Wallace contemplated this and looked over at Chris, the third of their trio.  Unconvinced, he said to Moe, “This is pretty impressive Moe, I have to admit.  But no one who is honestly ‘crazy’, says stuff like that.  They just act crazy, and we don’t find out about the other voices until some gorillas in white jumpsuits hold them down until the doc finally gets them to cough it up.  Crazy people don’t just analyze their insanity like that.  Good try Moe, but your act needs some work.”

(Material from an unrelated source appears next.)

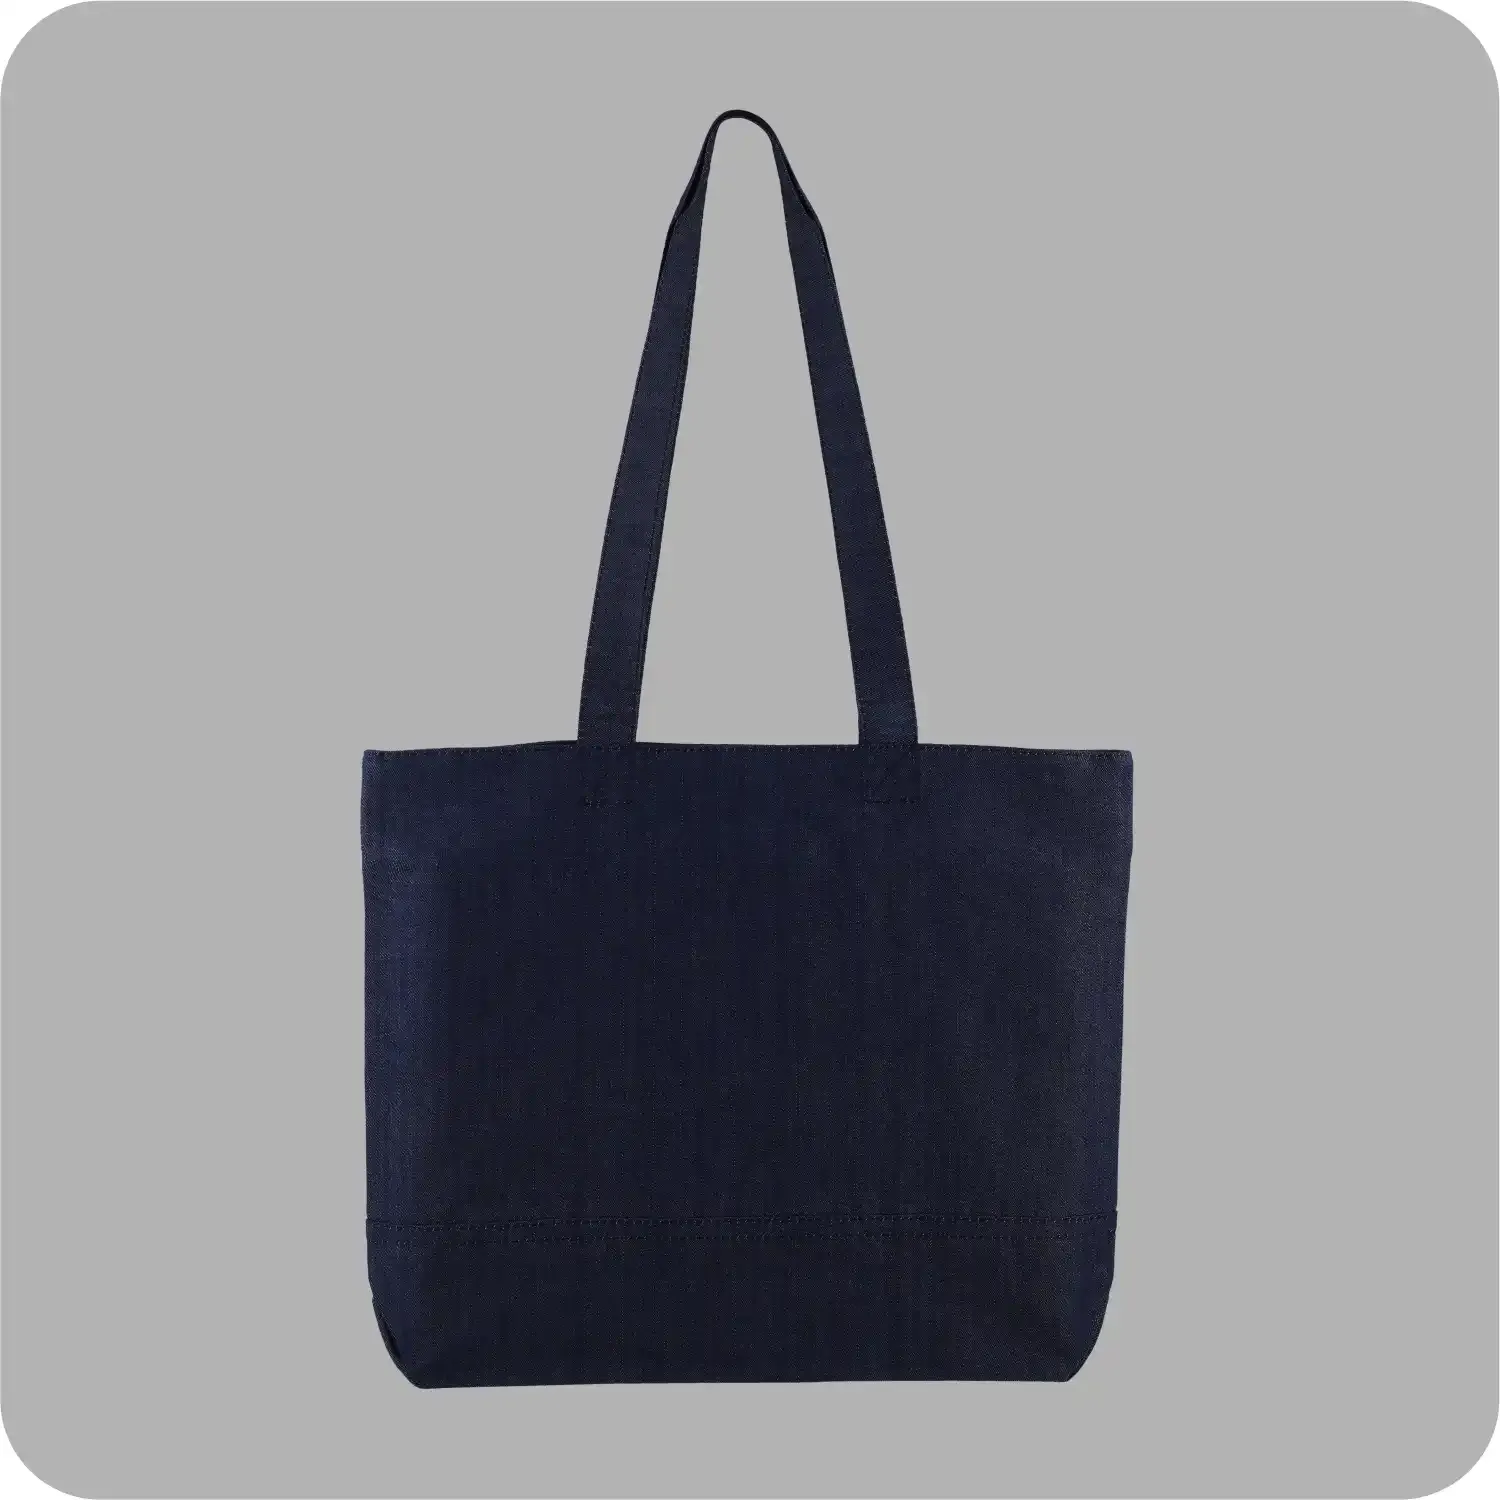 Denim Tote Bag Shopping Bag Promotional Bag Conference Bag Institutional bag-03

Moe almost protested this, but figured maybe it would go away or work itself out or something.  He didn’t notice, however, that Chris still looked very concerned about the whole situation.  Upon hearing the voice again, Moe turned to look at Chris, saw the look in his eyes, and started to really freak out.  Okay, Moe it seems that I’m losing my narrator's anonymity, and some of my words are coming out onto the paper in some other frequency or something, one that apparently only you can hear.  So for the rest of this story, you’re just going to have to pretend that you don’t hear me.  I know this may all be a little bit strange for you, knowing that you only exist in my imagination, but for the sake of the story, and even for the sake of your enjoyment of the rest of your limited story life, could you just pretend not to hear me for now on?  Shivers ran up and down Moe’s spine, and he sat down on a bench to try to regain control of reality.  Wallace laughed while Chris continued to stare.  The tracks rattled and the noise of the subway train started to echo off the walls until the doors of the train opened right in front of them.  The three sifted through the exiting passengers and found a few seats near the back.  Just as the doors started to close, the hooded figure called Tim made his move from the bench and slipped onto the train, fingering the safety, “off” on his pistol.  Moe, who by now, had decided that he would go along with this “voice” in hopes that it would go away if he indeed, did ignore it.  But upon hearing about these last words, Moe forgot about the absurdity of a “voice” in his head, because now life itself was on the line.  And the voice had said something about this being a story, so maybe it was all true.  Maybe he was a random character of the moment created only to get killed in some sick author’s plot.  So Moe figured himself, if not just crazy, at least crazy and lucky, considering most characters don’t receive hints from the author about their fates.  Moe heard this and smiled a twisted smile.  He eased himself up from his seat as this so-called “Tim” made his way from the doors towards Moe and his friends. 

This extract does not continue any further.